(1936, b/w) Dancing feats! Romantic treats! Comic deceits! George Stevens directed this spectacle of footwork set to a score by Jerome Kern and Dorothy Fields, based on a story by Erwin Gelsey. The variety of styles of dancing were challenging choreography, requiring 350 hours of rehearsals under the supervision of Hermes Pan.
John "Lucky" Garnett (Fred Astaire), hoofer and gambler, arrives too late to wed Margaret Watson (Betty Furness), thanks to the mischief of his dance troupe. Before he can earn back Margaret's father's trust, he must prove he can be successful in New York City, plus pay back a $25,000 bet he'd lost to a pal. In formal attire he hops a freight train, accompanied by his accomplice Everett "Pop" Cardetti (Victor Moore).
Pursuing a young lady into a dance studio after an altercation with her over his lucky quarter, involving Pop ("Look out for the great big ditch") and a cop, Lucky takes dance instruction from the same pretty girl, Penelope Carrol (Ginger Rogers in her sixth film with Astaire in four years), petulant over the coin confusion: "No one could teach you to dance." They come to a better understanding performing "Pick Yourself Up."
Meanwhile, Pop and the no-nonsense Miss Mabel Anderson (Helen Broderick) make an odd couple.
Missing an audition with Penny, because he lost his only suit of clothes playing piquet, puts Lucky back in the dog house, which he tries to remedy by singing at the piano in her apartment "The Way You Look Tonight," while she shampoos her hair (which even in black-and-white appears almost red).

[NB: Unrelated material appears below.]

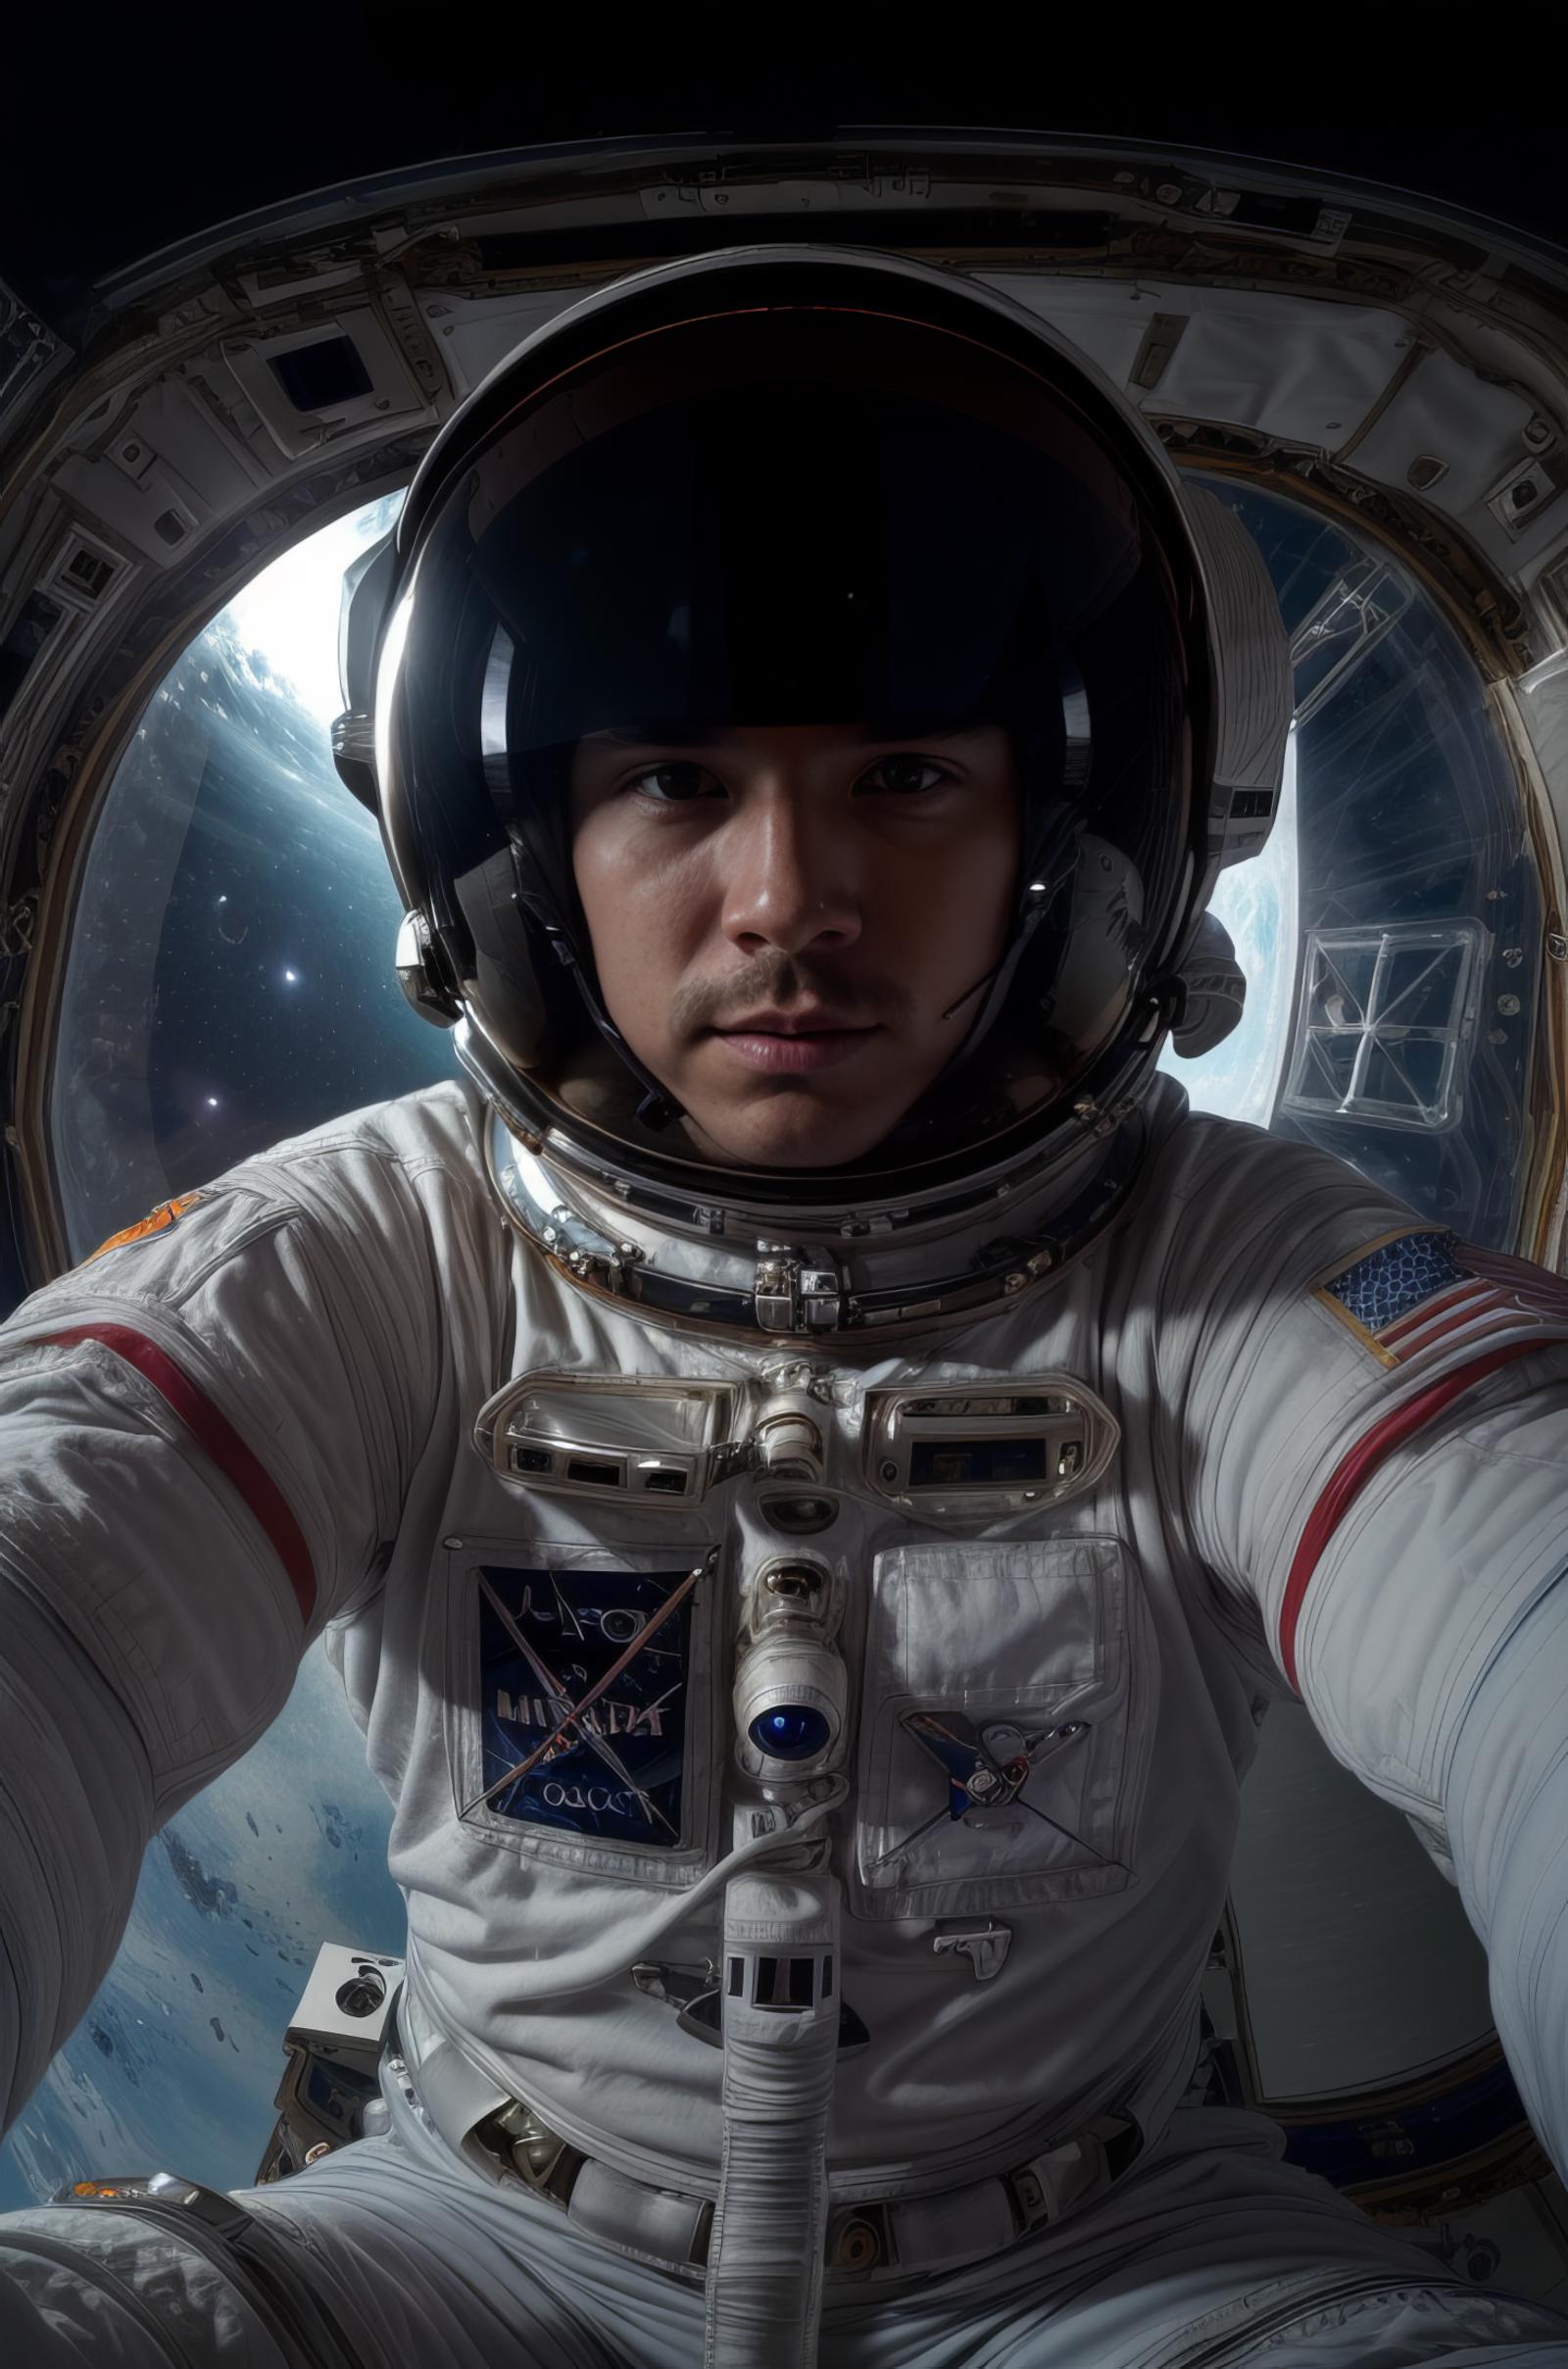 Astronaut in Space Suit Taking a Selfie in Front of a Space Window

At the Silver Sandal café, when orchestra-leader Ricardo Romero (Georges Metaxa), Penny's swain, refuses to conduct his band for Lucky and Penny's dance number, Lucky and Pop swindle Ricky's contract from Dice Raymond.
Disappointed with his aloofness toward her - when not dancing but wearing a bowler and top coat, Astaire resembles Stan Laurel - Penny in the snow sings the ironically titled "A Fine Romance." Later "Waltz in Swing Time" gives expression to the spontaneity of their romance.

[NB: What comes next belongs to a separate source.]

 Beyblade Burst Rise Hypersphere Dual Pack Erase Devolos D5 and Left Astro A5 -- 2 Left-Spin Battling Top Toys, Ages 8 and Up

Displaying his physics of physicality during his cinematographic tap-dance tribute to Bill Robinson, "Bojangles of Harlem," Astaire in blackface, accompanied by three huge shadows of himself, becomes a jazz instrument in tap shoes.
About to lose his girl to Ricardo, Lucky's attempt to entice her back in their staircase number, "Never Gonna Dance," filmed without interruption, took 47 takes (according to Pan, by the end Rogers was bleeding through her shoes). But on the screen everything looks - la belle romance - effortless and magical.